A brief biographical note on Chimamanda Ngozi Adichie

Chimamanda Ngozi Adichie was born in Enugu, Nigeria, in 1977. She was the fifth of six children and grew up in the house formerly occupied by the Nigerian author Chinua Achebe. Her parents were both very successful. His father worked at the University of Nigeria, and became the first professor of statistics; he later became Deputy Vice Chancellor of the University. Her mother, in turn, was the first female registrant at the University. Chimamanda was a brilliant student from the very beginning. After leaving school with several academic prizes, she started Medicine and Pharmacy at the University of Nigeria.
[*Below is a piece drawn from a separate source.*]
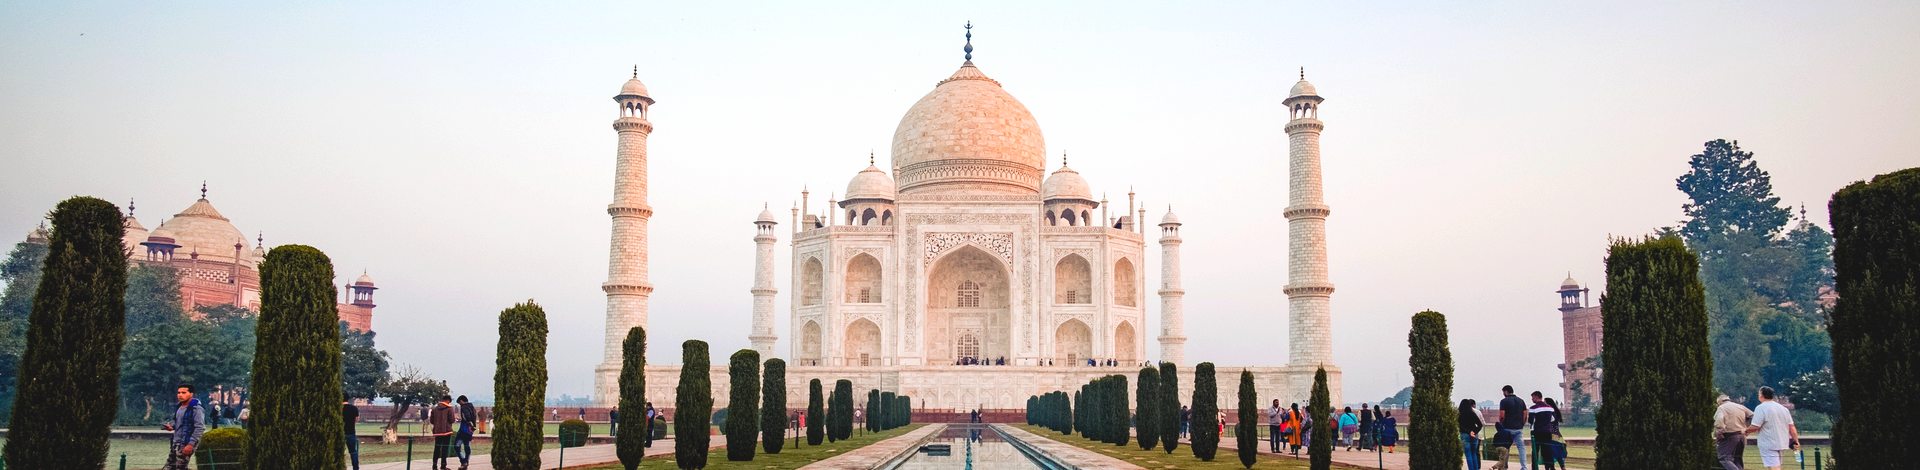 Taj Mahal Agra Rajasthan - Asie Online

One and a half year later she moved to the United States, where she obtained a scholarship to study Communication at Drexel University in Philadelphia. Following her degree, she did a Master Course in Creative Writing at John Hopkins University, in Baltimore. She also holds an MA in African Studies from Yale University. Her first novel came out in 2003 under the title Purple Hibiscus, which received the Commonwealth Writer’s Prize for Best First Book in 2005. Her second novel, settled in the years before and during the Biafran War, is entitled Half of a Yellow Sun (2006). She has also published a number of short stories, some of them having been collected in The Thing Around Your Neck (2009). Her writings have received numerous awards and distinctions, including The Orange Broadband Prize for Fiction (2007) and the McArthur Foundation ‘genius grant’ (2008). She has also recently been awarded a 2011-2012 fellowship by the Radcliffe Institute for Advanced Study, at Harvard University. Without a doubt, she can be considered one of the most prolific Nigerian female writers at the moment. Her success worldwide is helping to bring the reality of her native country to every corner, at the same time as she is contributing to build a Nigerian identity in its own right.